New South Wales Heritage Register
- Official name: Sydney School of Arts; Sydney Mechanics' School of Arts; Arthouse Hotel
- Type: State heritage (built)
- Designated: 2 April 1999
- Reference no.: 366
- Type: School of arts
- Category: Community facilities

= Sydney School of Arts building =

Heritage-listed building in Sydney, Australia

The Sydney School of Arts building, now the Arthouse Hotel, is a heritage-listed meeting place, restaurant and bar, and former mechanics' institute located at 275–277a Pitt Street in the Sydney central business district in the City of Sydney local government area of New South Wales, Australia. It was designed by John Verge and built from 1830 to 1861. It is also known as Sydney Mechanics' School of Arts. It was added to the New South Wales State Heritage Register on 2 April 1999.

== History ==

The Sydney Mechanics' School of Arts traces its origins to Scotland. In 1800, at the Anderson Institute in Glasgow, George Birkbeck had been appointed Professor of Natural Philosophy. He started giving free talks to working men (then called mechanics). Over the course of the next 20 years, he became increasingly popular in the area because of this. As a result, in 1821, he opened the first Mechanics' Institute in Glasgow. In the same year, a School of Arts was opened in Edinburgh.

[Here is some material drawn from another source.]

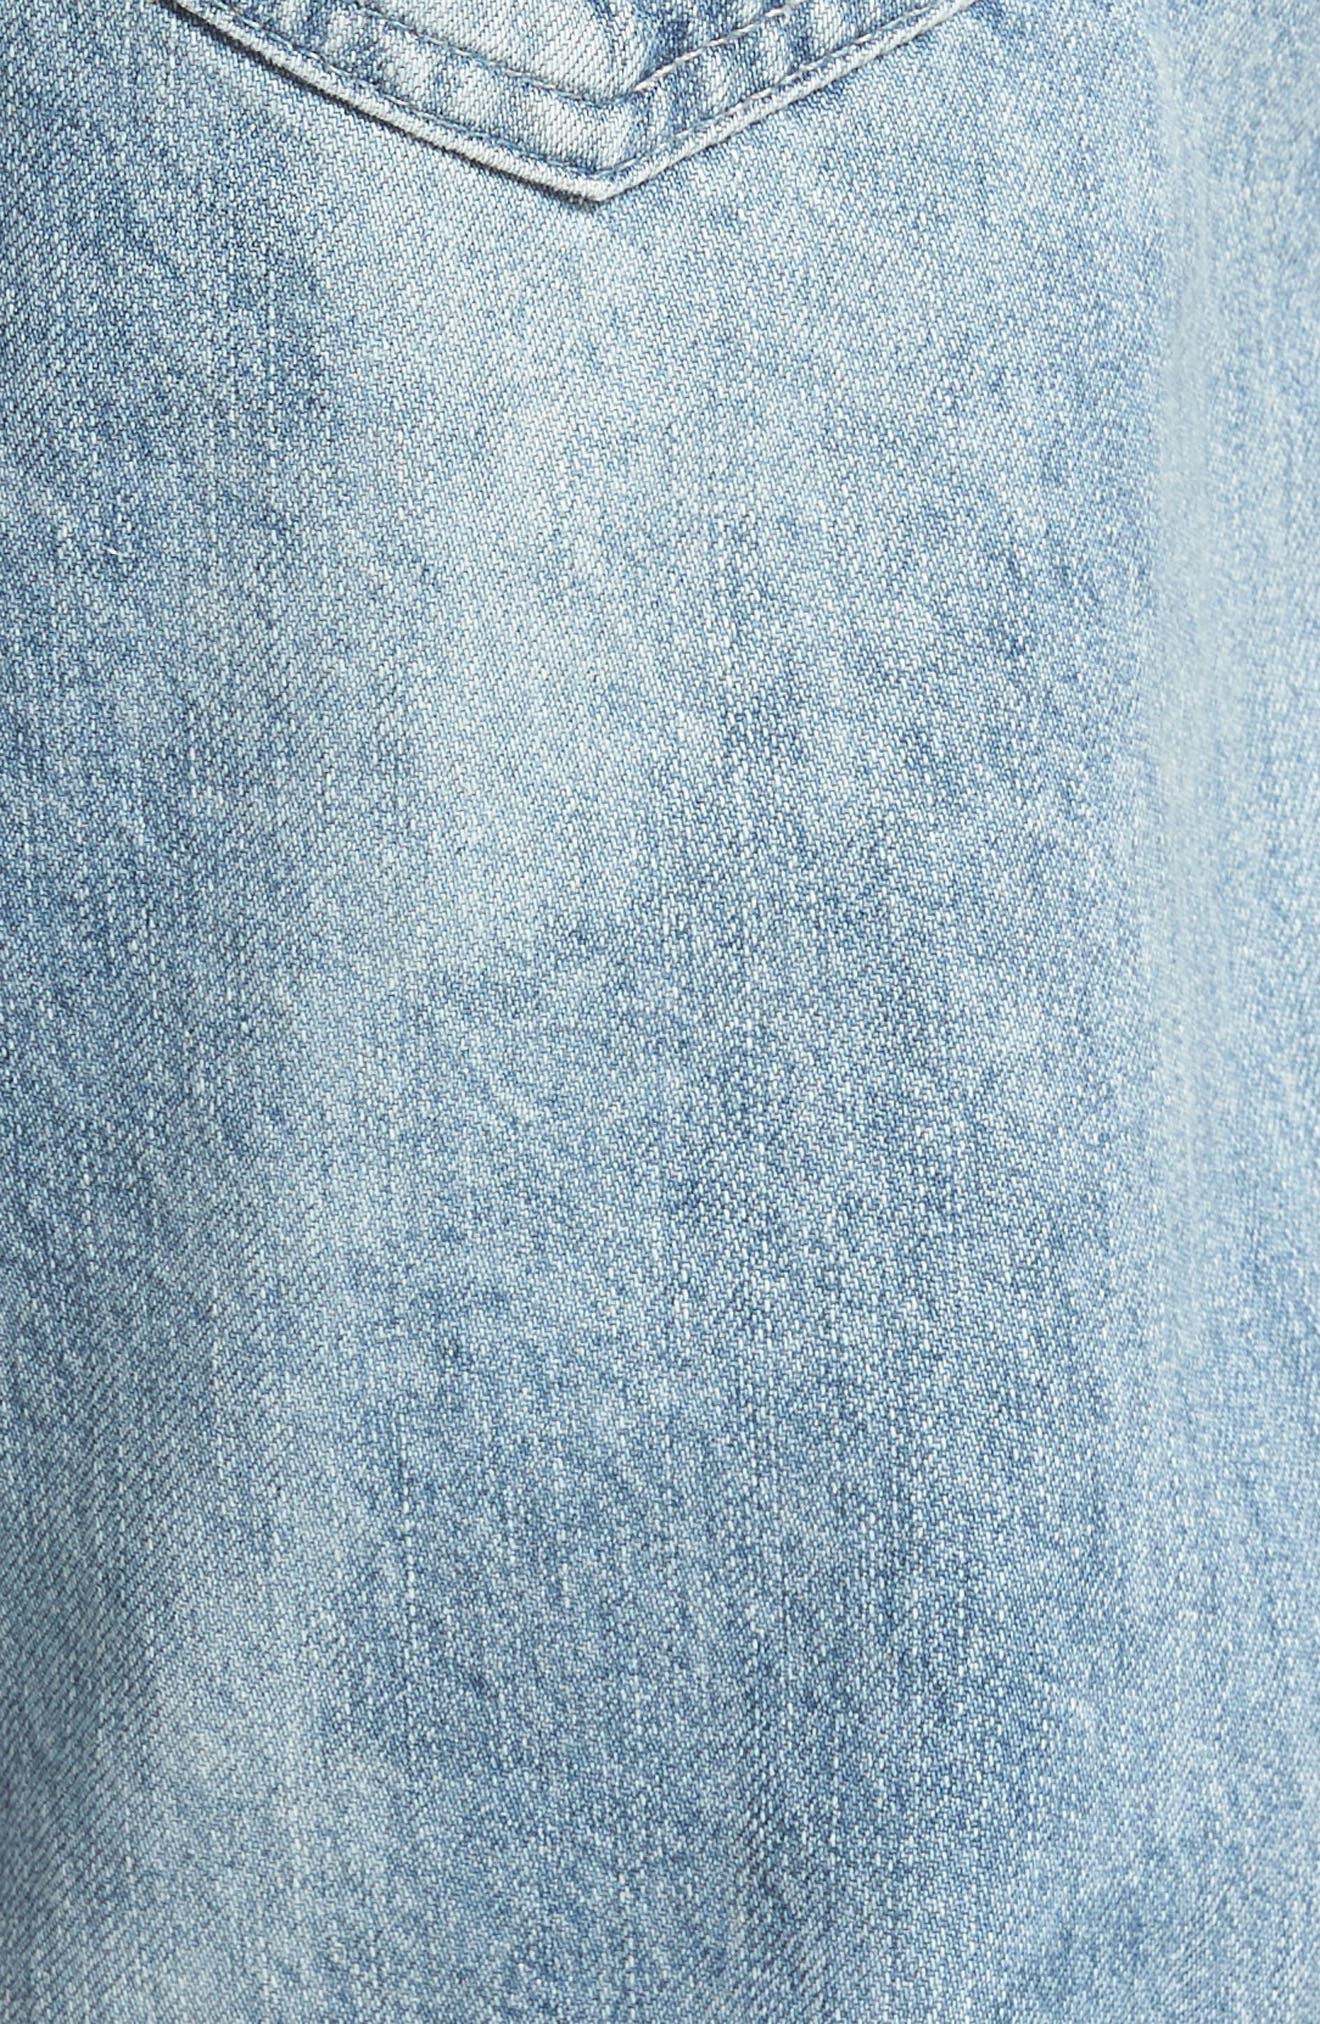 Tellis Slim Fit Jeans,                             Alternate thumbnail 5, color,                             461

The aims of both were identical: the diffusion of scientific and other types of knowledge to the working class.

In 1830 in Colonial New South Wales, John Dunmore Lang, a Presbyterian minister, had ambitions to build an Australian College in Sydney. For this he needed craftsmen so he dispatched his colleague, Henry Carmichael (also a Presbyterian minister in the colony) to Scotland to recruit men to build this college. In 1831 The Stirling Castle sailed from Glasgow to Sydney and on the voyage out Carmichael gave classes to these "mechanics" with the aim of them forming the nucleus of a Mechanics' Institute in Sydney. They arrived on 13 October 1831 and 18 months later the Sydney Mechanics' School of Arts was founded on 22 March 1833. The aims and objectives of this institution were the intellectual improvement of its members and the cultivation of literature, science and art. In the years that followed classes and courses in the entire range of liberal arts and sciences were held for both men and women and the SMSA flourished for many years.

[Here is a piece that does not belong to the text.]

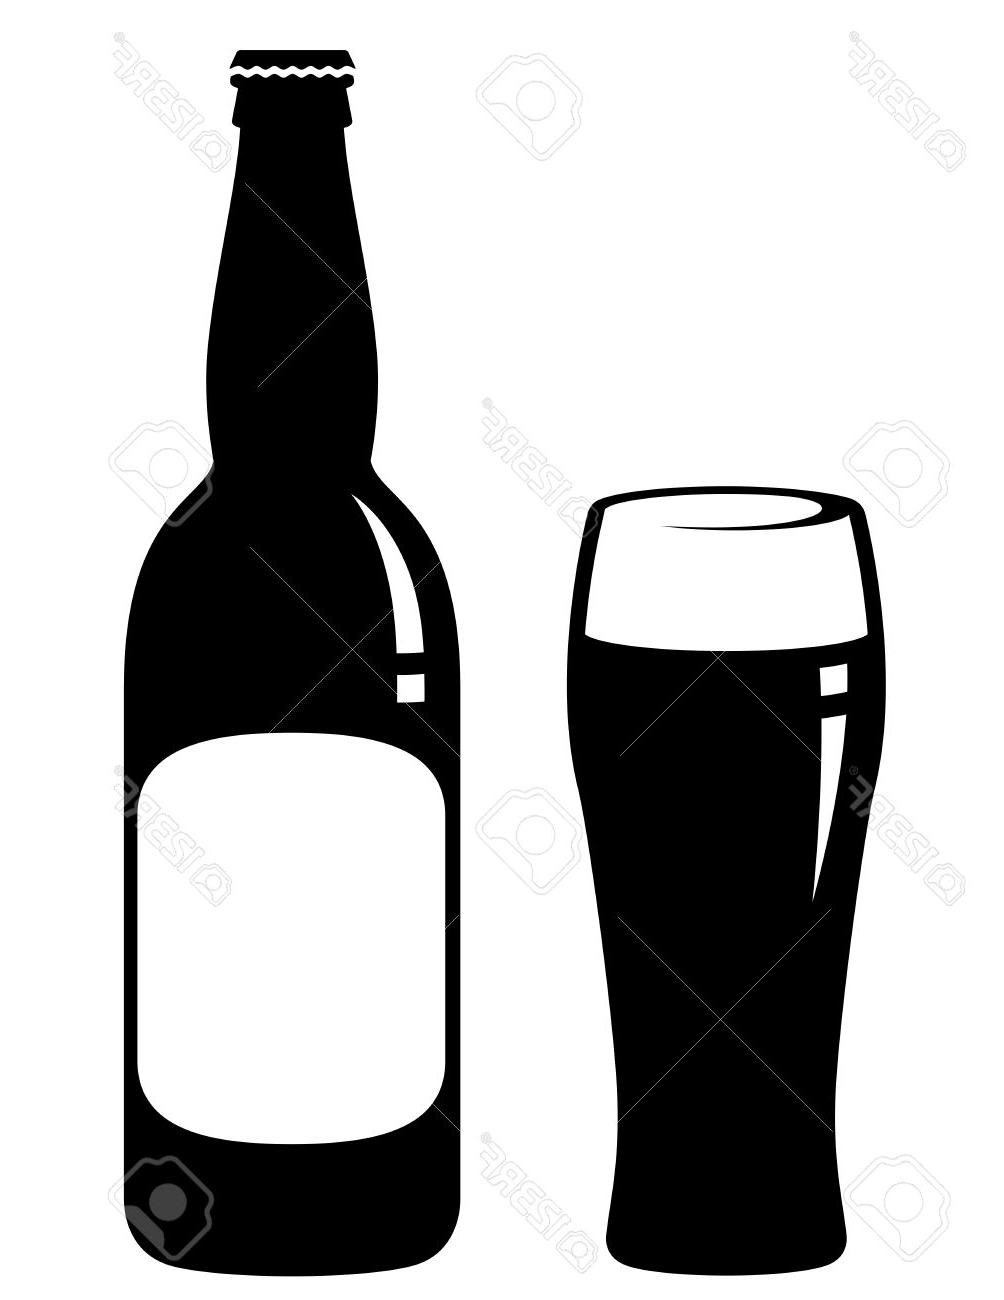 1004x1300 Black Clipart Beer Bottle

Early lectures covered chemistry, history and astronomy, but also more quotidian topics such as the principles of taste, the choice of a horse and vulgarities in conversation. Classes, quickly thrown open to women, covered everything from elocution to "simple surgery in 20 lessons". The Rev Samuel Marsden was a member, future Prime Minister Sir Edmund Barton a debater, explorer Ludwig Leichhardt a lecturer. For almost a century the school, temperate, Protestant and Masonic in tone, flourished.

The mid 1820s saw the rise of a movement for education in colonial New South Wales. And as was traditionally the case, much educational activity was undertaken by the churches, amidst sectarian disputes. Learned and philanthropic individuals - whether catholic or Protestant - were to participate rigorously in these developments. But as it generally occurred, a large portion of the funds for educational schemes came from public finances.

===Establishment===
The inauguration of the Sydney Mechanics School of Arts (SMSA) took place over March and April 1833. In the same years, the charter of the Clergy and Schools Corporation - an instrument which bestowed privileged treatment upon the Church of England's Schools via the granting of land, was repealed by the British government. This left the provision of schools in New South Wales as unsystematic as it had been in pre-Corporation days and just as dependent on government funding.

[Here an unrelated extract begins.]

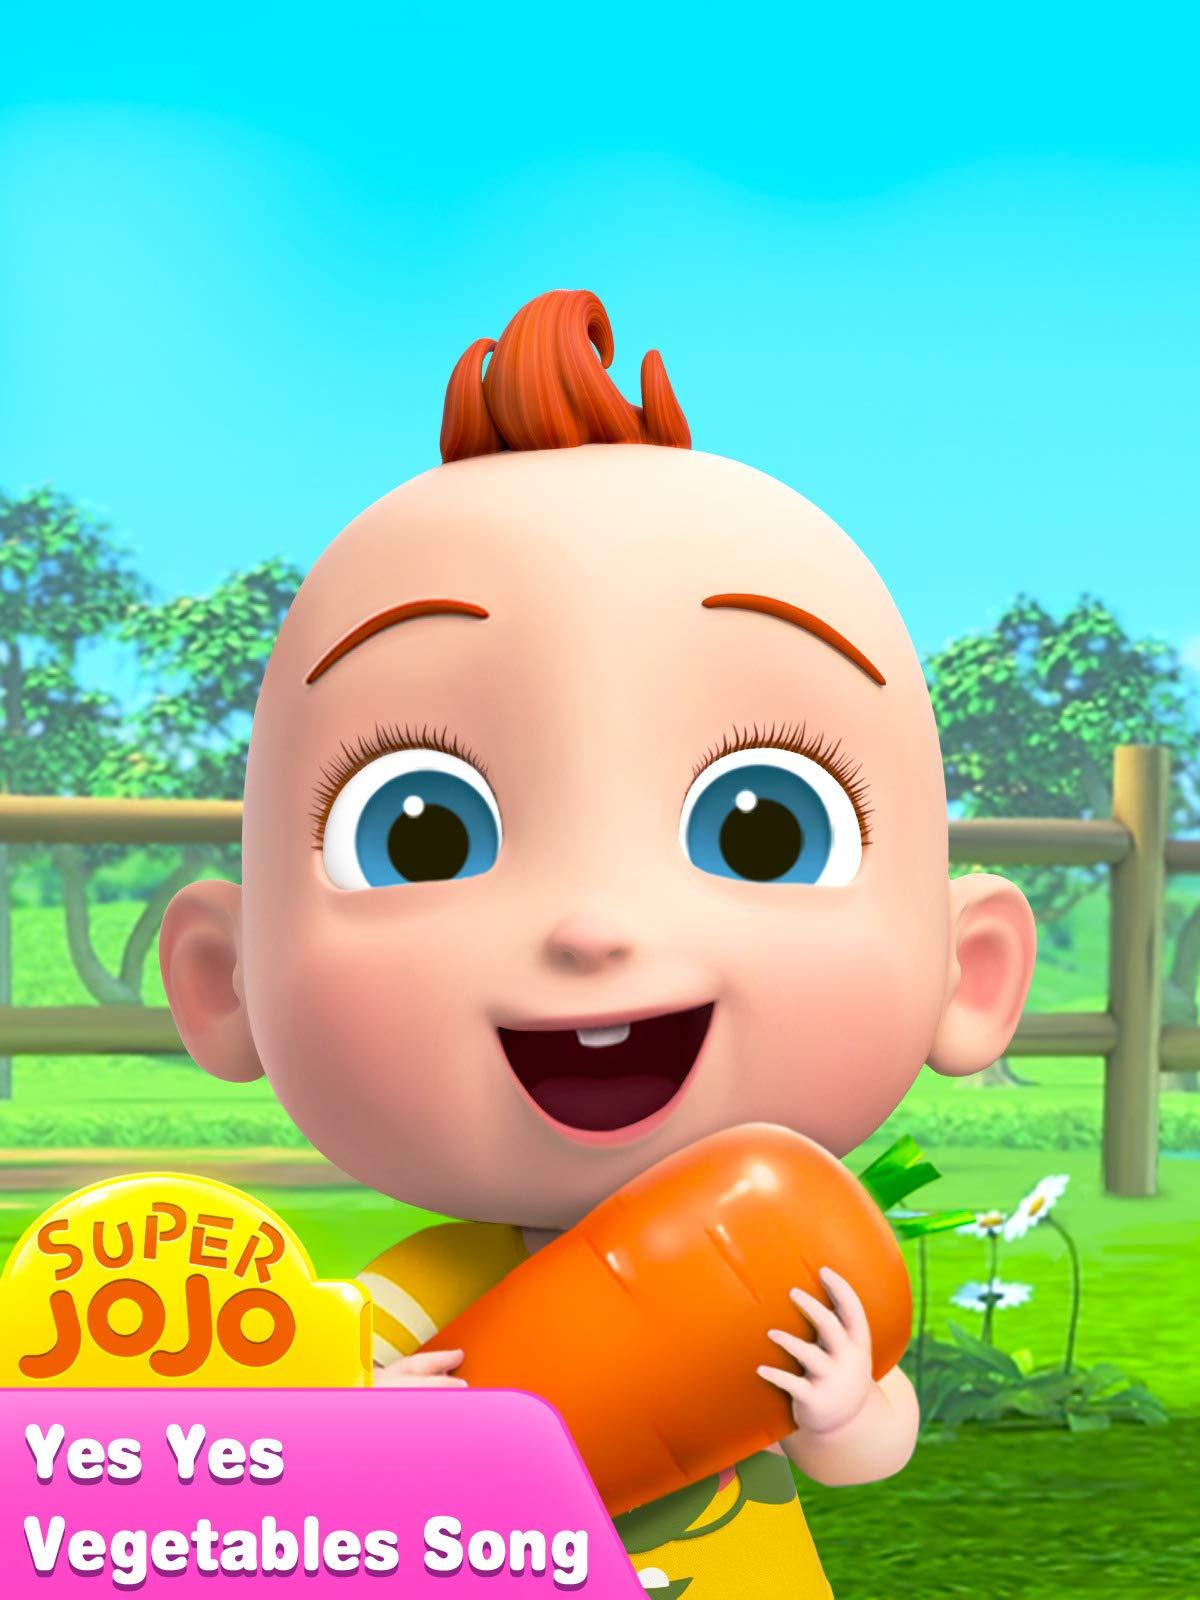 Super JoJo - Yes Yes Vegetables Song

After an audience with Governor Sir Richard Bourke, Henry Carmichael - Master of Classics at the Australian College - convened a meeting at the college to discuss the establishment of an "association for the diffusion of scientific and other useful knowledge among the mechanics" of the colony.

Difficulties in finding suitable and permanent accommodation were experienced for a time until January 1836, when negotiations to acquire the lease on an allotment in Pitt Street, adjoining the Independent Chapel, were commenced. Plans for a building had been accepted earlier that month, and on 6 February 1838, the new building was used for the first time. The building comprise a theatre, a lecture room, a museum and a library. The theatre, situated on the ground floor, had a curved front and was accessible via the centrally placed Colonial Georgian doorway with pediment which provided entry to the building. The library and reading room - both on the first floor - had a public entrance up stairs at the left rear of the building.

Early in 1845, the Committee purchased the leasehold of their Pitt Street allotment and plans to add two rooms for the Librarian were commenced. Supervised by J. S. Duer and undertaken by a Mr Mackeller, these private apartments were completed early in the following year.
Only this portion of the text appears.